For most people, music collecting is a leisure activity, a preoccupation which is undertaken during one’s free time and which has the purpose of using that free time for one’s enjoyment. This aspect brings forth a question about the purpose of one’s professional activity: is there a connection between work and leisure for most people, other than that of leisure used as a time to relax and recharge one’s energy for the time of work? Most people would be content with this explanation alone.
Notwithstanding this, as Robert A. Stebbins points out in his book “
Amateurs, Professionals, and Serious Leisure” (1992), more and more people go to work nowadays in order to gain the necessary money to fulfill their leisure hobbies. Simply put, work has become more and more instrumental to maintaining one’s hobbies and passions. This indirect report would be only the introductory remark to the “serious” aspects of a leisure activity. The other point is that the activity of music collecting presupposes a series of acts which go beyond the mere features of “enjoyment” or “relaxation”. A collection requires the research for and gathering of information about the items which are collected, as this information is vital for the value of the collection, artistic or financial.

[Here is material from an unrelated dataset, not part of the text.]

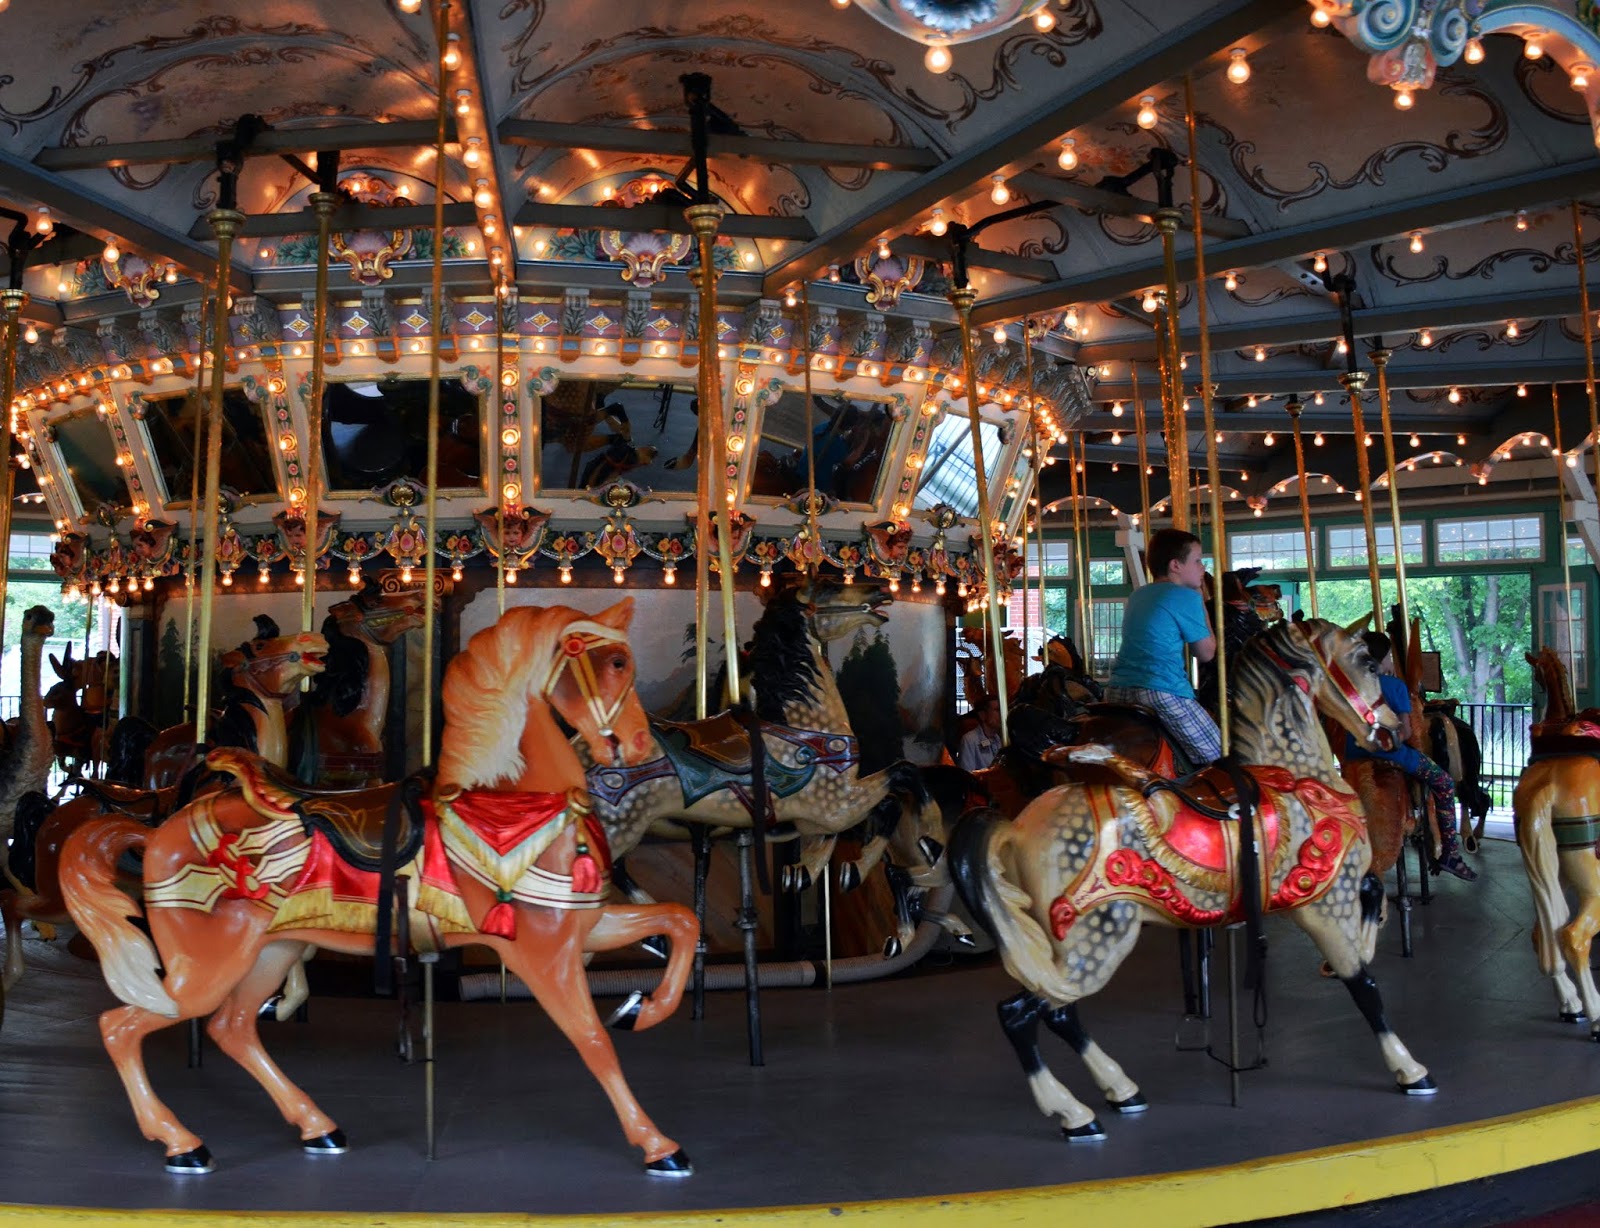 Celebrating National MerryGoRound aka Carousel Day!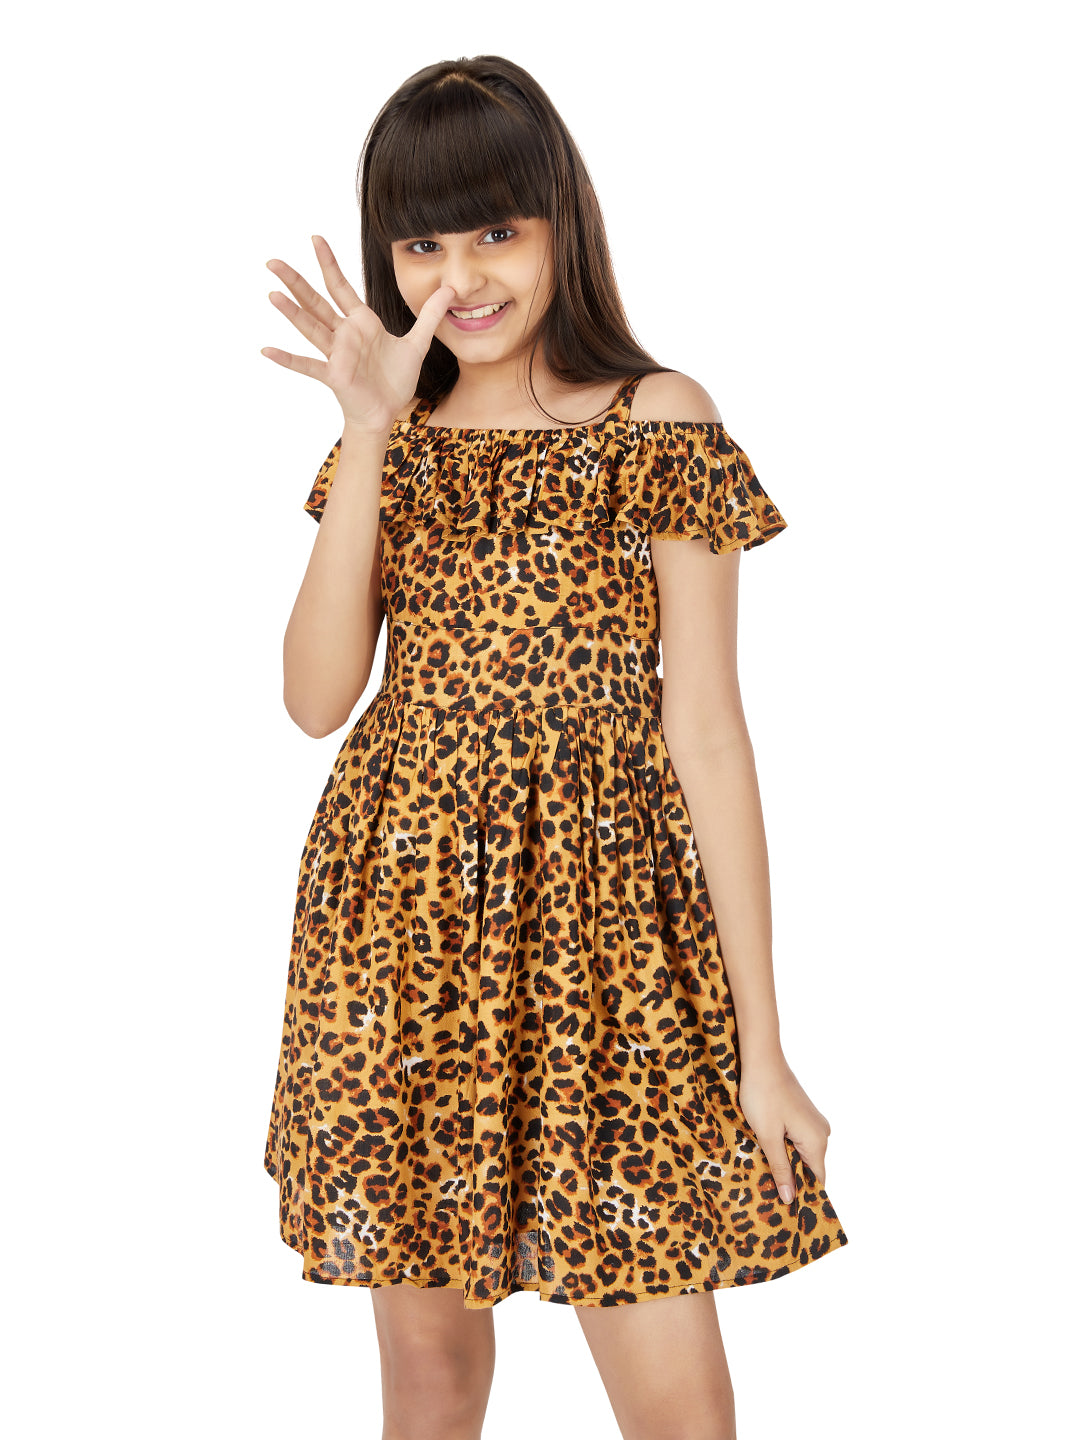 Olele® Girls Leopard Print Dress

Any music collector will have their own places to go and look for music: flea markets, music stores, other music collectors, websites, etc. These places will become the cultural depositories for these researchers of music. As a collection grows and it encompasses more and more items, the collector will need to come up with a system of classification, with the purpose of putting those items in a certain order. Most collectors use the alphabetical system, which is the most convenient and the simplest method. Others, however, will also arrange their stacks of heavy vinyl records or their digital files according to genres and subgenres, or according to geographical origins of the music in their collection. Even though it is a very personal activity, music collecting can soon take on the responsibilities of an institutional cultural operation, with the same seriousness in approach as that provided by a university library. Thus, it comes as no surprise that the act of music collecting can feature all the aspects of a “serious leisure”, not only due to the importance attributed to it by its purveyors, but also because of the methodological approach which music collectors can develop over time.